I'm having trouble with evaluating geometric sequences that look like this:
$Cn\sum_{i=0}^{\log_3n} (5/3)^i$
where $n$ is the number of operations, and $Cn$ just represents $n$ times some constant $C$. I'm trying to get the big $O$ of this, but I'm not quite sure.
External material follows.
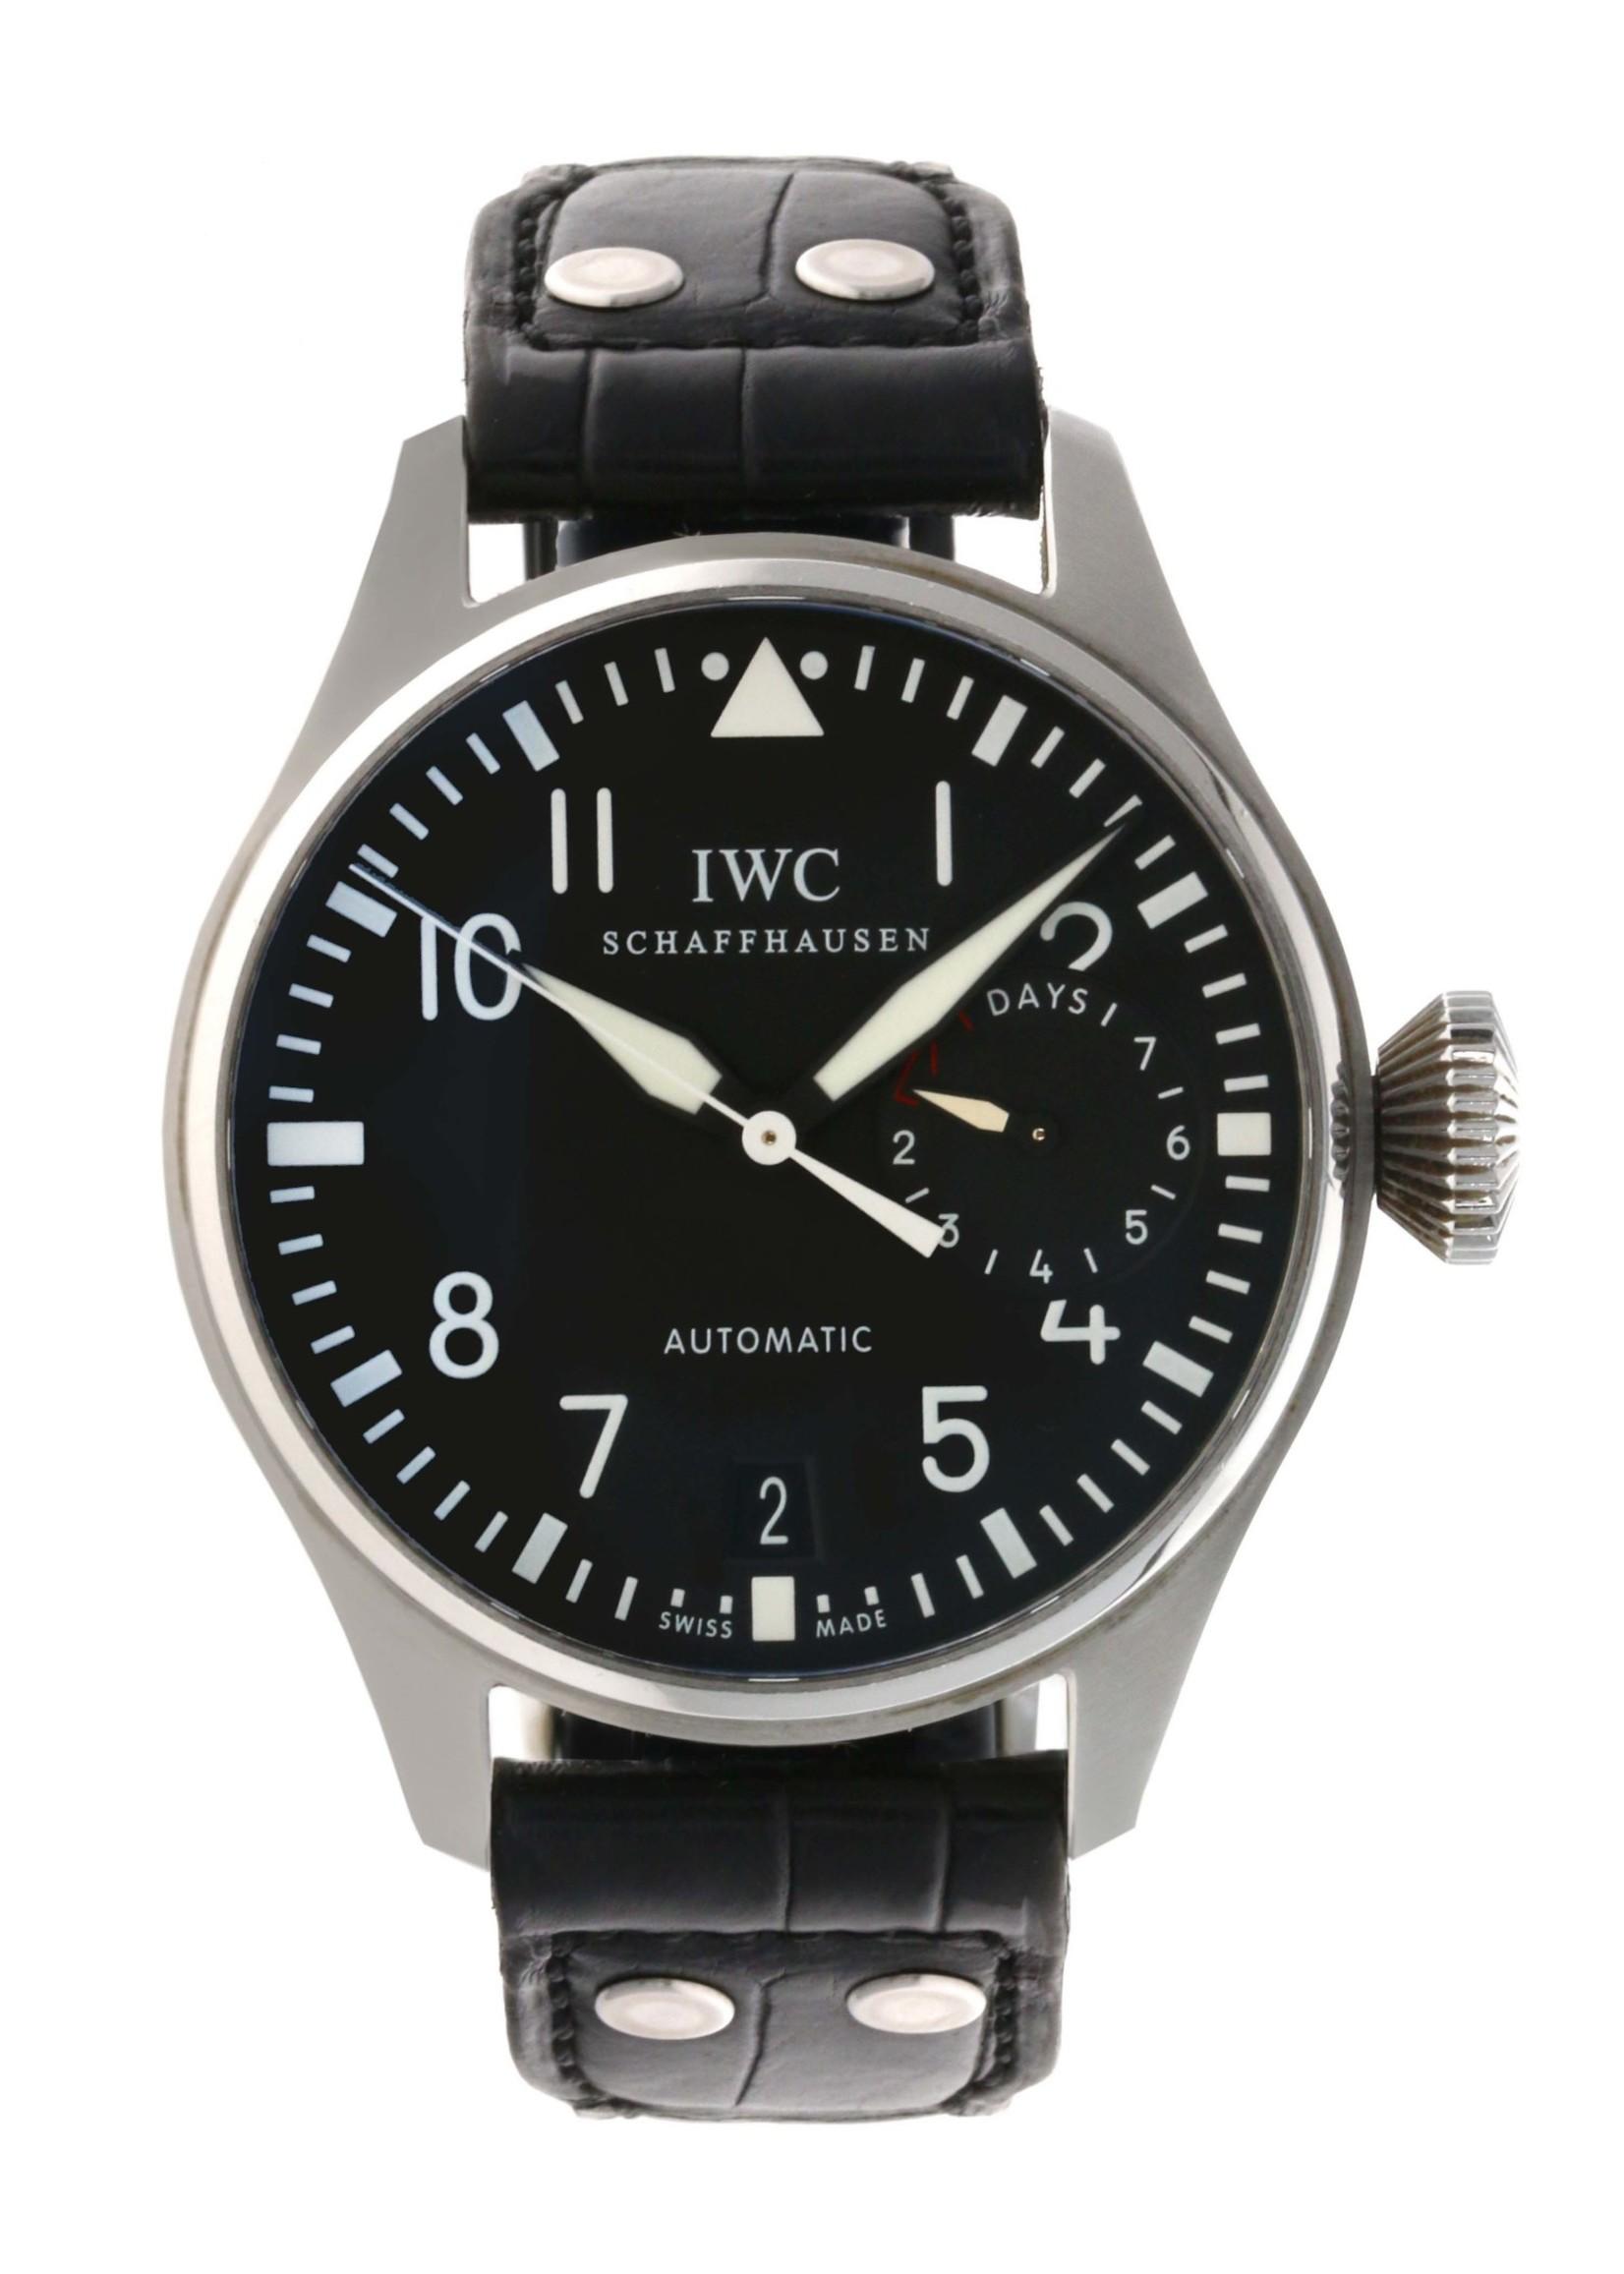 IWC IWC BIG PILOTS WATCH (2007 B+SP)

Is it equal to $O(n^{log_35})$?
Also, if it was $(3/5)^i$ instead, would it just be $O(1)$?
Thanks!
We have \begin{align} T(n) &=Cn\sum_{i=0}^{\log_3n} (5/3)^i\\ &=Cn\frac{(5/3)^{1+\log_3(n)}-1}{5/3-1}\\ &=\frac 32Cn((5/3)^{1+\log_3(n)}-1)\\ &\sim\frac 52Cn\left(\frac 53\right)^{\log_3(n)}\\ &=\frac 52C5^{\log_3(n)}\\ &=\frac 52C5^{\log_5(n)/\log_5(3)}\\ &=\frac 52Cn^{1/\log_5(3)}\\ &=\frac 52Cn^{\log_5(5)/\log_5(3)}\\ &=\frac 52Cn^{\log_3(5)} \end{align} hence $T(n)\in O(n^{\log_3(5)})$, otherwise \begin{align} T(n) &=Cn\sum_{i=0}^{\log_3n} (3/5)^i\\ &\sim \frac 52Cn \end{align} hence $T(n)\in O(n)$.